For almost 50 years, Charles Hunter, MBChB, was the foremost medical diagnostician in Western Canada, but his education and passion for clinical consulting originated across the pond in the United Kingdom. Born in Auchterless, Scotland in 1873, Hunter earned a Master of Arts degree from the University of Aberdeen in 1894 and his MBChB in 1899. He did post-graduate work in internal medicine in London and Berlin before ultimately emigrating to Winnipeg, Canada in 1904.
Hunter set up practice at Winnipeg General Hospital and a few years later was appointed to the faculty of medicine at the University of Manitoba. According to the Winnipeg Free Press, “Hunter was a profound scholar and possessed a remarkable diagnostic acumen. Many of his publications demonstrated his flair for original observations.”

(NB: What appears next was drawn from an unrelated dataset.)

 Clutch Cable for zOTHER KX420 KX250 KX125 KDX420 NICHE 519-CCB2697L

In 1915 he examined two young brothers at Winnipeg General Hospital and observed a series of irregular physical characteristics that had never been recorded. His documented observations in “A Rare Disease in Two Brothers” published in The Proceedings of the Royal Society of Medicine in 1917.1 - His work led to the identification of the rare disease today known as Hunter Syndrome, a debilitating, ultimately fatal X-linked recessive disorder affecting mostly young boys that belongs to mucopolysaccharidoses (MPS) syndromes, a group of metabolic disorders.

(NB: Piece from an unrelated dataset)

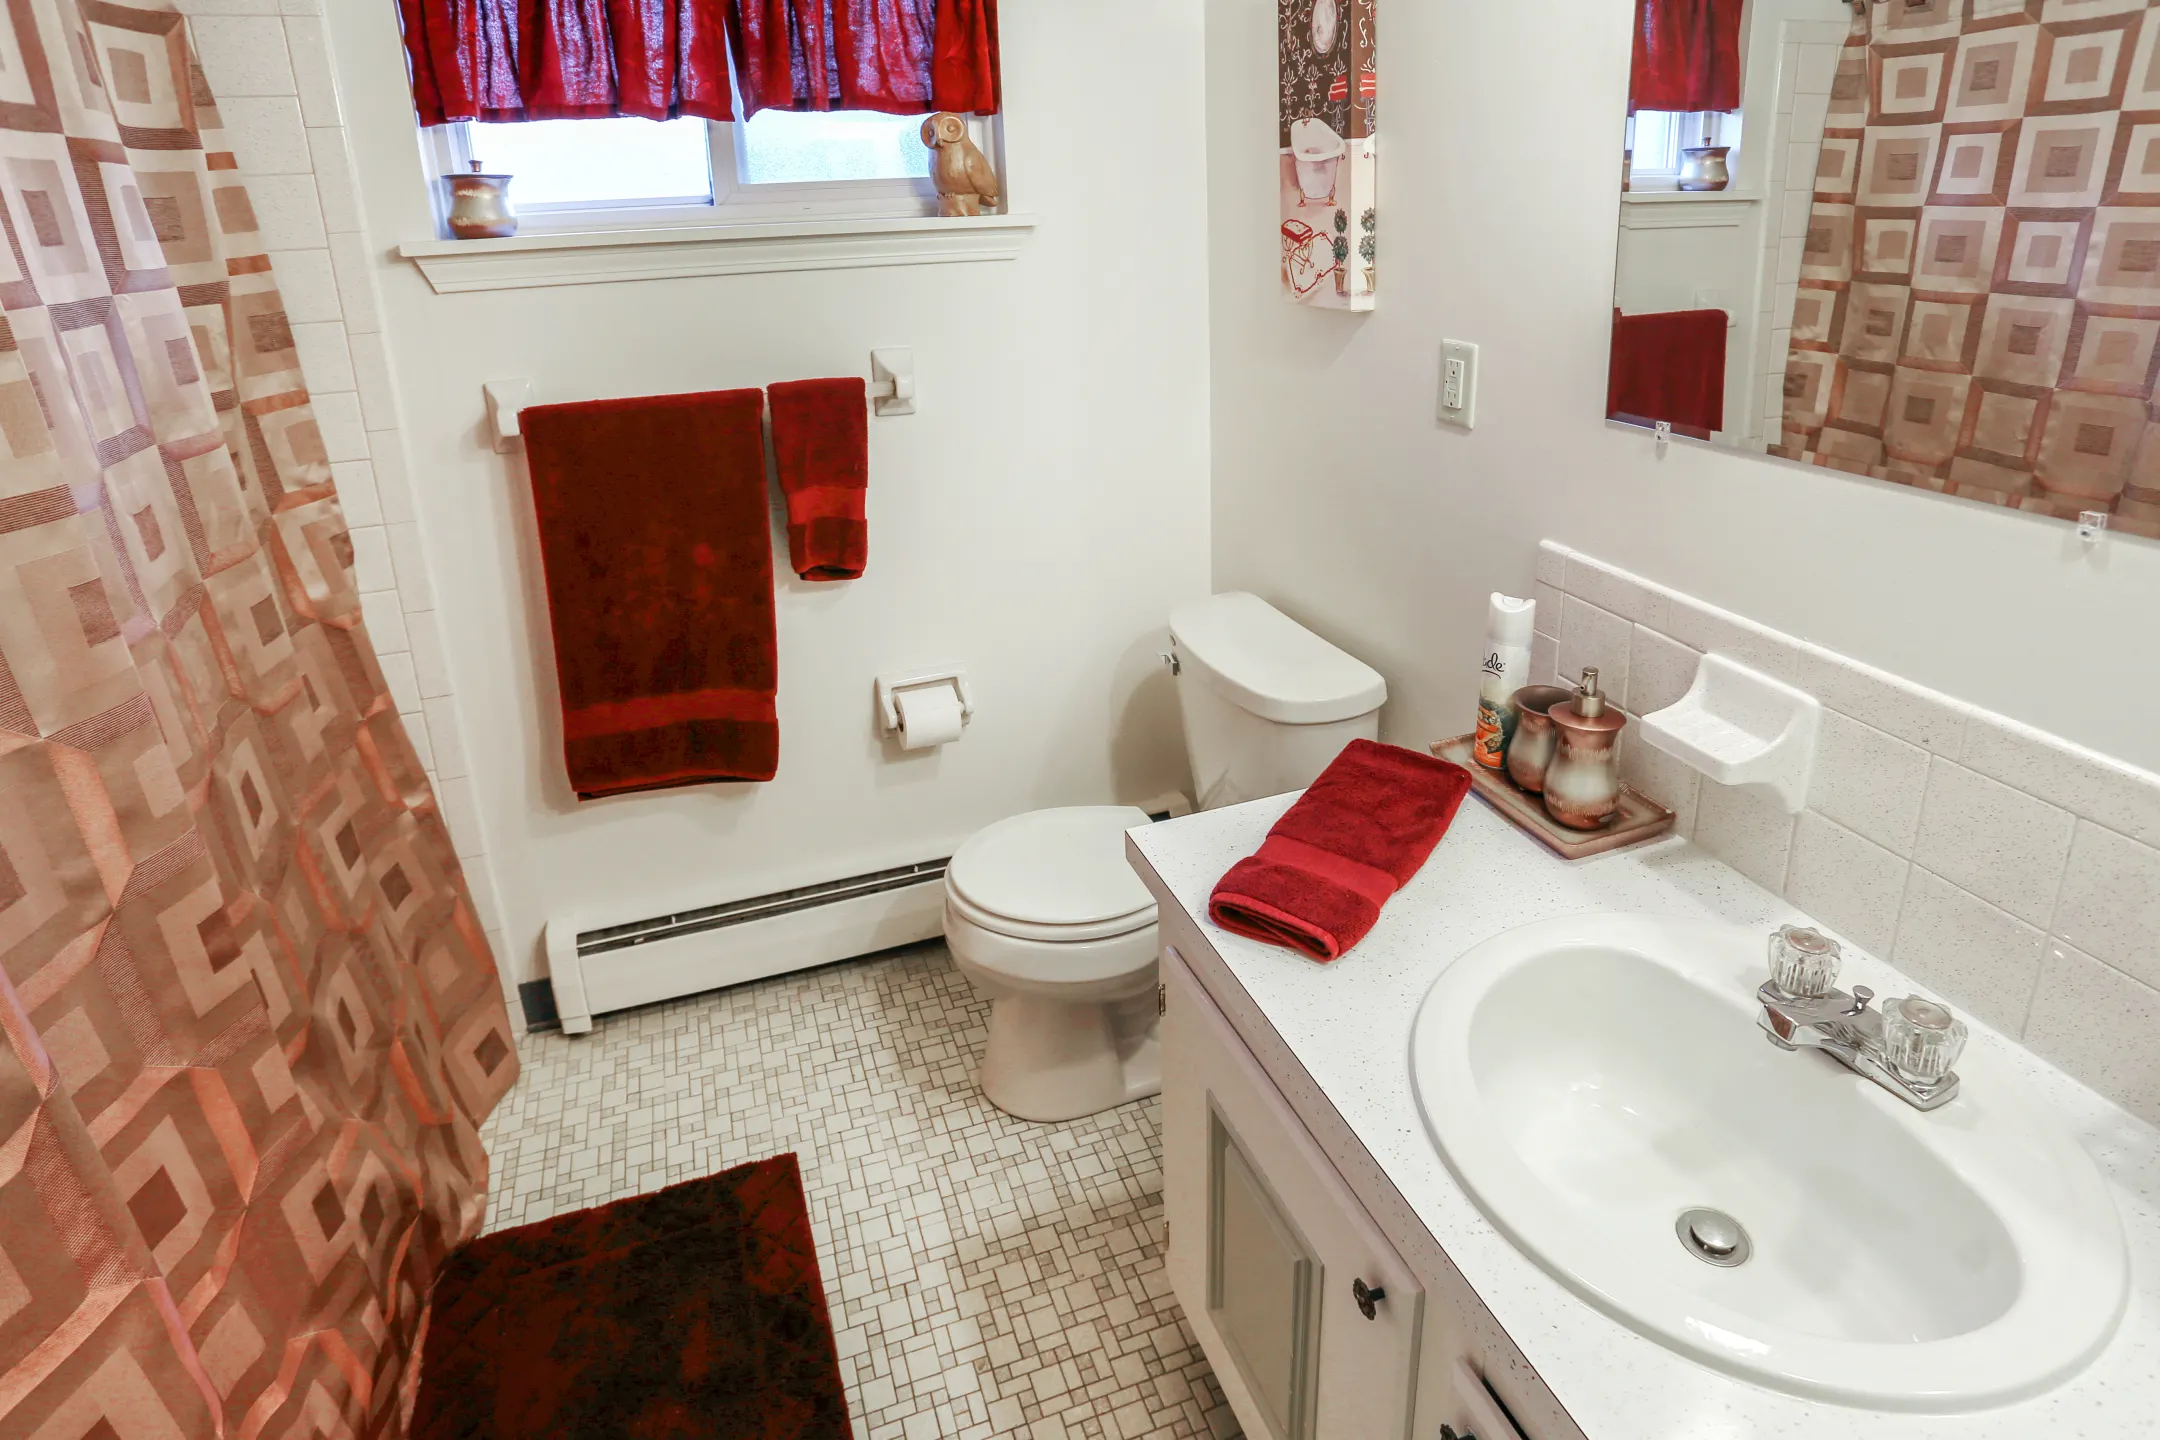 Bathroom - Losson Garden Apartments - Buffalo, NY

During World War I, Hunter served in Europe as an army medical officer with the Royal Canadian Medical Corps. Leaving service in 1919 as a Lieutenant-Colonel, Hunter returned to Winnipeg to continue his role as expert clinical teacher and then associate professor of medicine at the University of Manitoba. He was promoted to the rank of full professor, but resigned a year later, preferring his teaching/clinical duties to the role’s more administrative tasks. He continued teaching until his retirement in 1933 and maintained a private consulting practice until a few years before his death in 1955.
Hunter was a lifetime member of the Manitoba’s College of Physicians and Surgeons, as well as an early member of the Winnipeg Clinical Society, later known as the Winnipeg Medical Society. He was also honored as a fellow of London’s Royal College of Physicians.

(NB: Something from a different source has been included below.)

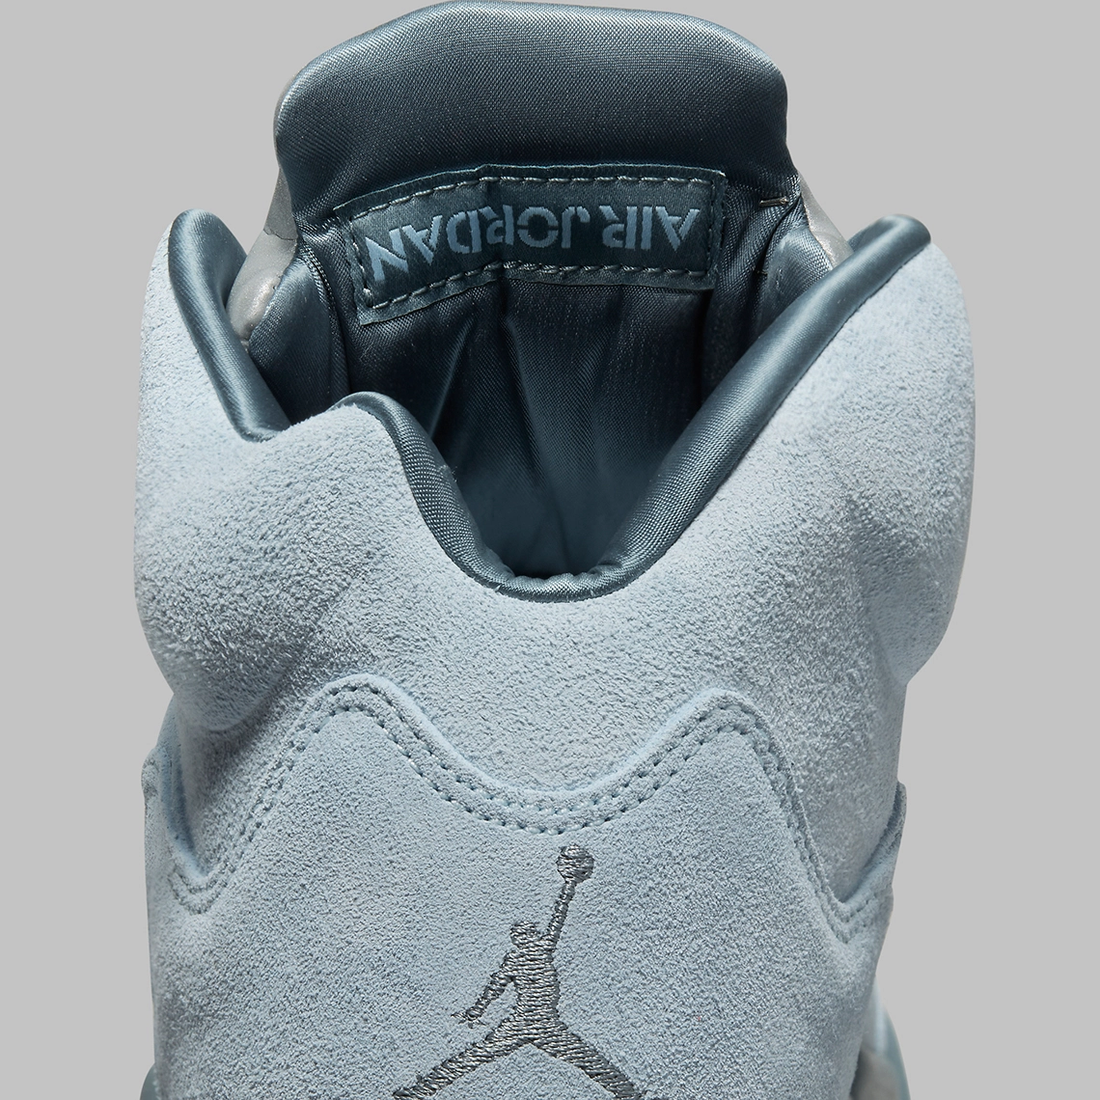 Nike Sneakers, Jordan 5 Retro ‘Bluebird’ (W)

Hunter’s expertise in difficult and obscure cases, which made him one of the most respected consultants in Western Canada in his day, has had a long-lasting and profound impact for boys diagnosed with the disorder that bears his name. The legacy he left behind has served as the foundation for continued innovations, active research and improved treatments this rare genetic disorder.